Шрифт:
Интервал:
Закладка:
— Сосредотачиваешься на тыкве и мысленно половинишь ее. Как только образ в голове созрел — переноси его на тыкву. Что ты видишь?
Людмила и в самом деле заметила, как края разрезанной тыквы потемнели, а косточки стали коричневыми. Изнутри тыква словно бродит и вот-вот…
Тыква взрывается, когда ее касается кинжал. Куски разлетаются во все стороны, выплескивая на рубаху пугала противно пахнущую кашицу. Кинжал же застывает в верхушке шеста, чуть подрагивает рукояткой, словно негодует, что его используют для тренировки, а не для ранней забавы — рассекания вен.
— Поняла? — прищуривается старик.
— Вроде бы да.
— Тогда пробуй вон на той тыкве. Эх, молодежь, никаких тыкв на вас не напасешься, — старик с кряхтением садится на чурбак.
Снова и снова Людмила старается представить себе сердцевину тыквы. Снова и снова кинжал улетает прочь. Она уже собирается отчаяться и послать к темным силам вредного старика, который своими едкими репликами едва ли не доводит до слез, а может даже надеть на седины долбанную тыкву, которая никак не хотела показывать прогнившее нутро. Лишь гордость раз за разом толкает в спину и заставляет идти за улетевшим кинжалом.
Картинка не хочет накладываться одна на другую и тогда Людмила решает представить на месте тыквы лицо Павла Геннадьевича. Лицо расширяется, щеки вылезают за уши и хорошо накладывается на срез тыквы. Внутренность чернеет и в эту-то черноту и влетает кинжал… Тыква взрывается, как недавно взорвалась ее товарка от руки деда Миши.
— Хм, ты же не увидела гниль? — спросил старик.
— Увидела. Вот и бросила.
— Мне-то не ври, я ложь за километр чую. Ты кого-то представила?
Людмила потупилась.
— Понятно.

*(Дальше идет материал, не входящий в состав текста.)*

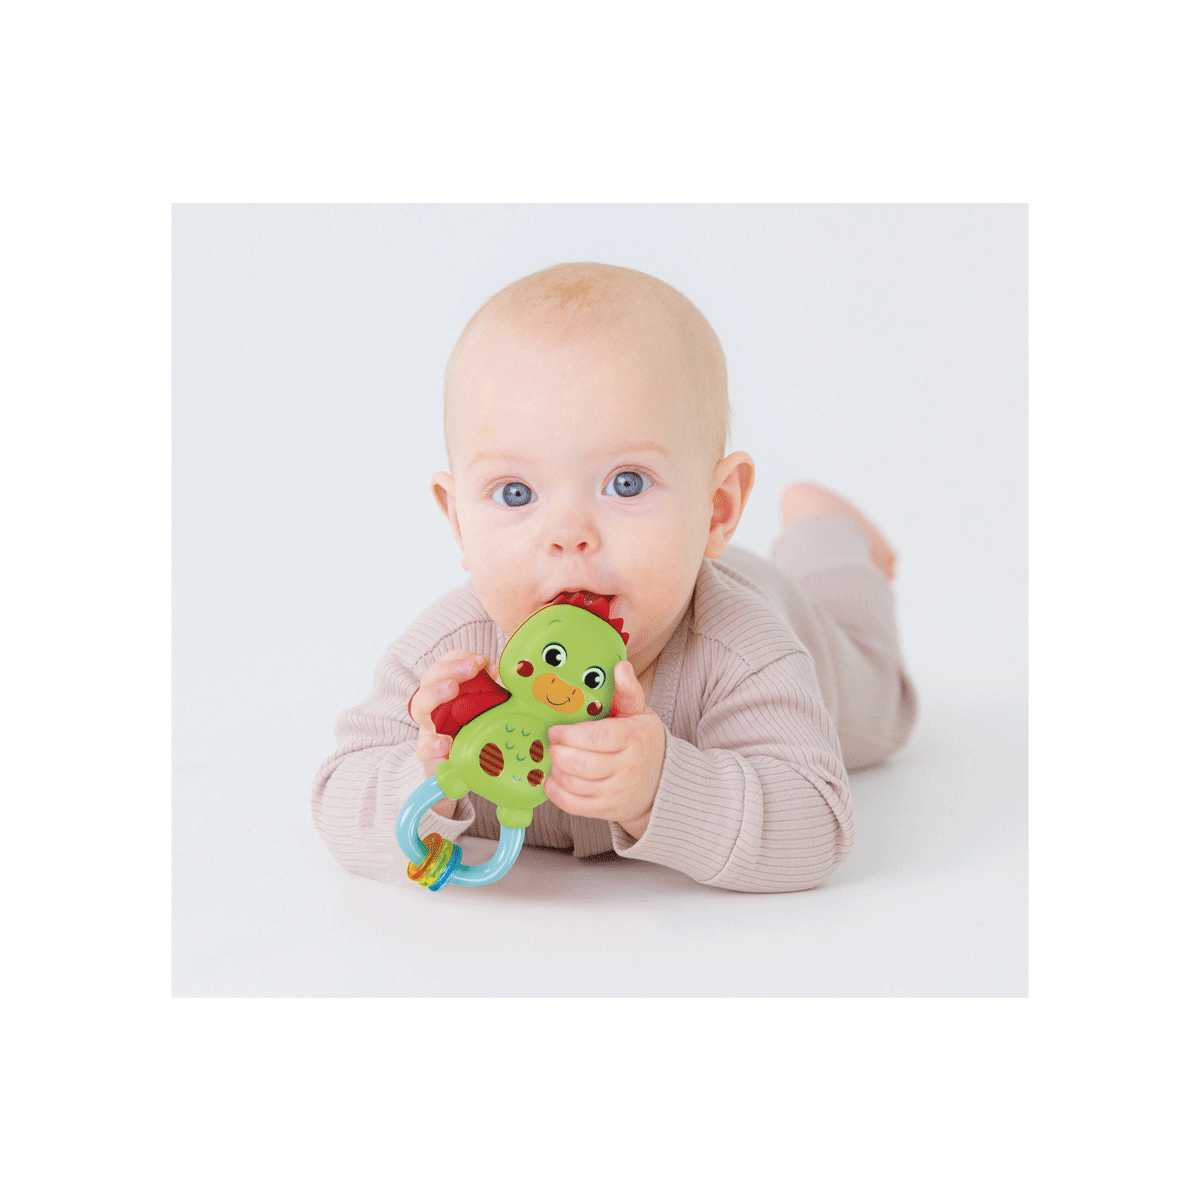 Baby clementoni - little dragon rattle - sonaglino neonato con massaggiagengive - BABY CLEMENTONI

Людочка, ты пойми — сердце может тебя подвести, а вот глаза вряд ли обманут, если сама не позволишь. Бери вон ту тыкву и бросай снова. Ты должна увидеть суть.
Третья тыква с мятым боком водружается на шесте.
— Выдохни. Закрой глаза. Расслабься. Тебе хорошо и спокойно. Дыши. А теперь открой глаза и посмотри на тыкву так, как будто собираешься приготовить из нее кашу для любимого человека. Смотри-смотри. А теперь представь, как разрезаешь…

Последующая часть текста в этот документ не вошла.